I told him my honest truth. I was in a managerial position and didn't like managing people or systems. I wasn't spending as much time writing or working on creative projects as I thought I would with the position. Writing and editing, I said, is what I'm better at than managing people and systems.
He responded, "That's interesting," he said, and then went on to belittle my previous position as the editor of a lifestyle magazine based in Minnesota.
"I'm sure in your small town in Minnesota you basically just wrote about the same things over and over, small town things?"
"Our content covered northern Minnesota," I said, "so, yes, a lot of the content was reflective of that area."
He looked pissed, and I was so confused.
"I am going to be honest with you," he said, "I don't think you're a talented writer or editor."
This was just months after I'd published my first book, which he had no comment to make.
After that meeting, I was completely torn apart and feeling like I should call the hundreds of people who had already purchased my book and buy it back from them. Maybe I really wasn't good at this whole writing thing? How embarrassing.
I called my publisher.
He answered and I immediately said, "Can you tell me if my writing is shit?"
"Where did that question come from?" he asked.
"I was just given the worst performance review of my life by some old white man who said my writing is shit and I need to know from you, who I have high respect for, if my writing is shit."
He took a breath.
"The first thing I'll say is we wouldn't be publishing your book if your writing was... he paused... shit."
"Listen," he said. "There's two types of writers: people who write articles and journals and they're content with that-- and then there's authors: these are the people who want to be consumed in the craft of writing. It is their life. You are one of those people. I suggest you find a different job, perhaps working at the dive shop or outdoors somewhere, and when you get time to write -- you write well."

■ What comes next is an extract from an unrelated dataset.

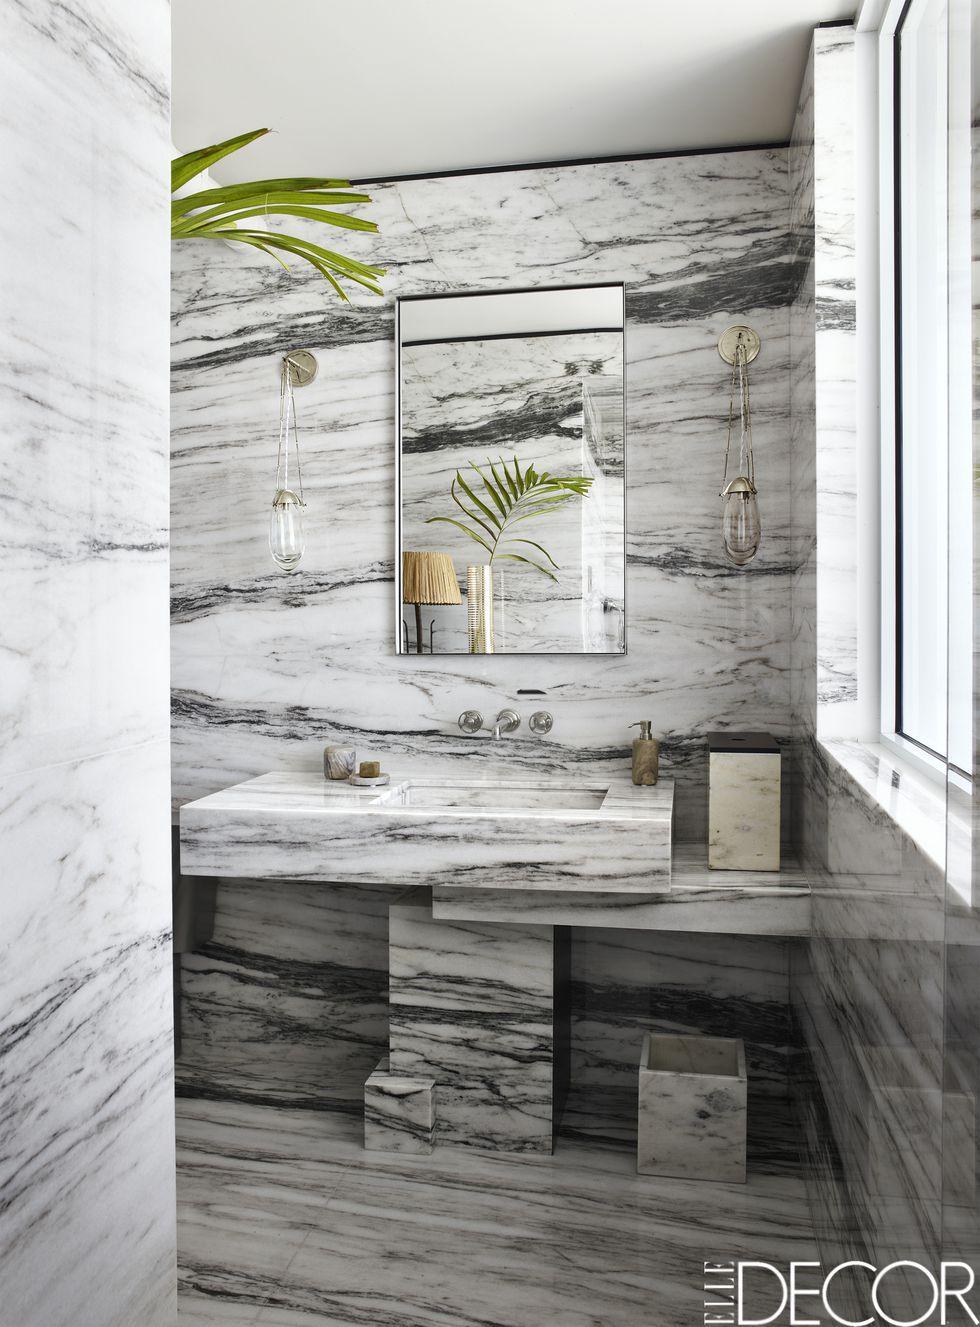 55 small bathroom ideas best designs decor for small bathrooms rh elledecor com
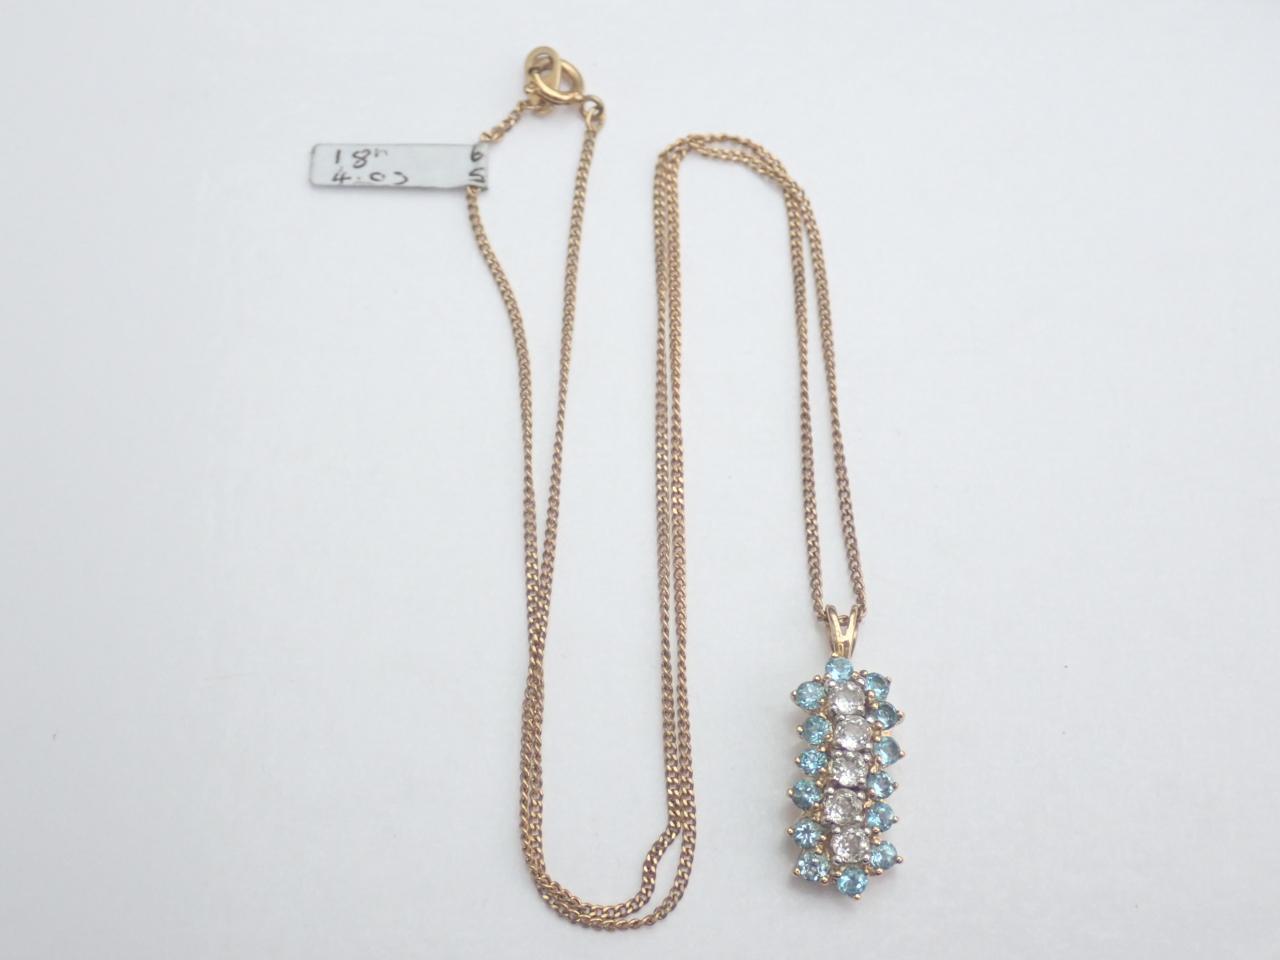 London Blue white Topaz Pendant 375 9k Yellow 18 inch chain Necklace #65

(The above is obviously recalled from memory and might not be word for word but that's the gist of what he said.)
As fate would have it, I was mulling over all these upcoming life changes and how in the world would they land gracefully, while I was waiting at the dive shop. Another guy was also waiting at the dive shop. I asked him what he was waiting for-- and he said, "Swim lessons."
"Oh, nice," I said.
"What are you waiting for?" he asked (little did he know that question was much weightier than he knew it to be).
"I'm waiting for the divers to get back, they said they just got off the boat."
"Gotcha," he said.
"Why are you taking swim lessons?" I asked.
"Because I want to be a beach lifeguard."
I was immediately interested.
"What does that entail, exactly?" I asked him.
"It's a pretty sweet gig," he said. "You've gotta make these swim/run requirements, they train you on the medical side of things, and certify you with the US Lifeguard Association."
Two weeks later, I applied to be a beach lifeguard. A month later, I was certified. A week after that, I was dressed in red and on the beach with my buoys, rescue gear, and ATV. In the sand, sun, and supporting a mission.
And just like the COSTCO girl, I'm much, much happier.